For the latest Borderlands game, which takes place between the events of the first and second games, Gearbox President Randy Pitchford pushed for the name “Borderlands 1.5”. The team eventually decided on “The Pre-Sequel” because, from a gameplay perspective the game is far closer to Borderlands 2.5.
Yep, 2.5, not 3. That’s a pretty honest assessment of an upcoming game from a company president, but that’s one of the great things about Pitchford, who was humble and humbled by the fanbase at PAX. Borderlands: The Pre-Sequel is a full, brand-new Borderlands game, but it’s based heavily on the foundation Gearbox built with Borderlands 2.
It also isn’t strictly made by Gearbox. The Pre-Sequel is a collaboration between Gearbox and 2K Australia, who previously worked on all of the Bioshock games. “We were given a brief ‘we want to go to the moon, throw out ideas,let’s start talking,’ so it was a really good starting point,” 2K Australia Producer Joel Eschler told me during an interview. “We’re talking every single day, we’re going to each other’s studios all the time. We’re working on this game together and designing this game together. It’s been a really organic relationship so far.”
So yeah, for Borderlands: The Pre-Sequel, 2K Australia and Gearbox are taking us to the moon. That means low gravity, oxygen tanks, and a sci-fi slant that justifies things like laser beams and freeze guns. “It’s the moon of Pandora, it’s not the moon of Earth,” Eschler explained. “You can expect some pretty varied environments as you’re playing through the game. And you don’t just play on the moon, you actually go up to the Hyperion space station as well.”
During the PAX East panel, Pitchford told the story of trying to get freeze weapons in Borderlands 2, how they couldn’t do it, and how 2K Australia managed it in a couple days. “One of our programmers actually figured out a way to procedurally freeze and smash the guys so it’s different every time,” Eschler explained. He didn’t deny that their experience working on BioShock helped a little bit.
2K Australia’s influence is felt in the storyline as well. During development the team sent Gearbox sequences with placeholder voice acting featuring really bad attempts at American accents. At Gearbox, they couldn’t tell that the voices were American accents at all, and after a laugh, decided that the moon denizens would be Aussie.

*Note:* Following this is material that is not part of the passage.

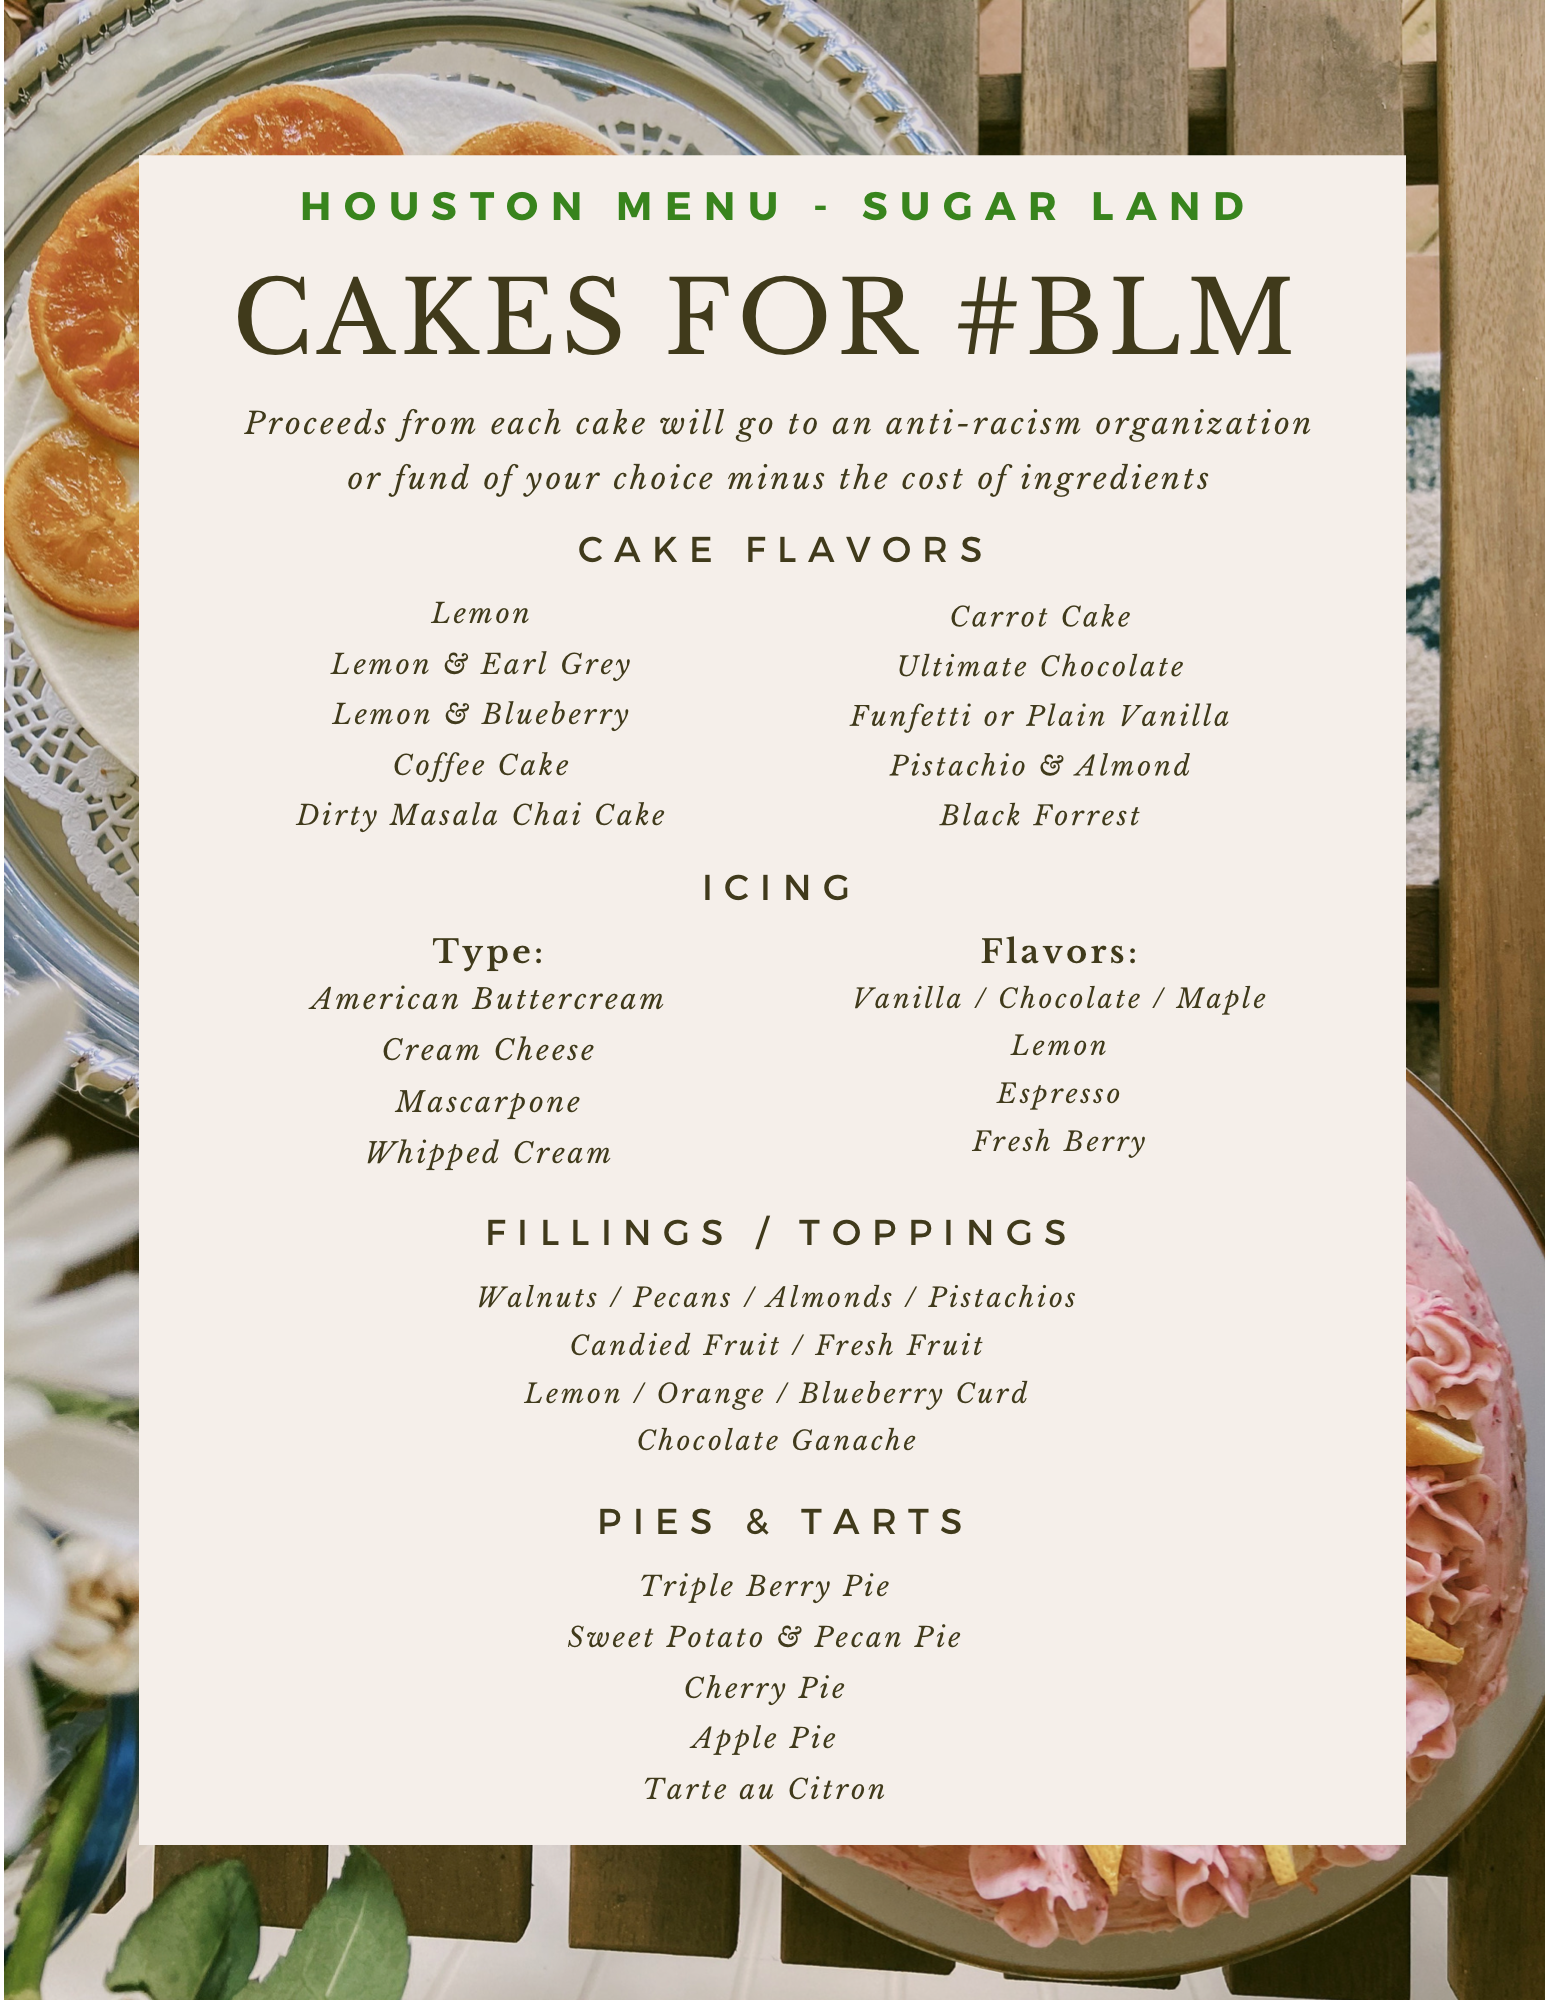 Cakes for BLM - Houston, Texas - Sugar Land menu

So in the Borderlands universe, Australia is the moon.
That also means some of the writing will be coming from a different place this time around. “Anthony Burch is writing some of it and giving creative feedback, but Joel’s team has two writers as well,” Gearbox Producer James Lopez told me.
While I’ve always enjoyed the Borderlands games, I also found the cross-chat between the characters problematic. It was enough of an issue in Borderlands 2 that I had to write about it, as I couldn’t really appreciate the funny writing when characters constantly talked over each other. “That is something that from a system level we have done a bit of work to try and help with,” Escher assured me. Not everyone has had this issue (as the comments on that article clearly indicated), but I’m glad 2K is addressing it anyway.
The Pre-Sequel may be more like a side-game than a full-on sequel, but the 2K collaboration and the moon setting seem to be leading to a refreshing experience. Low gravity allows for things like double jumps and stomp attacks, while 2K’s previous work has helped to freshen up the weaponry. You’re the bad guys this time around, too, working for Handsome Jack along his rise to power. You’ll even be able to play as Claptrap!
All-in-all, whether you can’t get enough of Borderlands (despite the endless DLC releases), or you’ve had your fill, The Pre-Sequel looks fresh enough to be on anyone’s radar. That is, assuming you didn’t — as Pitchford apologized for at the Gearbox panel — sell your 360 or PS3 for a next-gen console.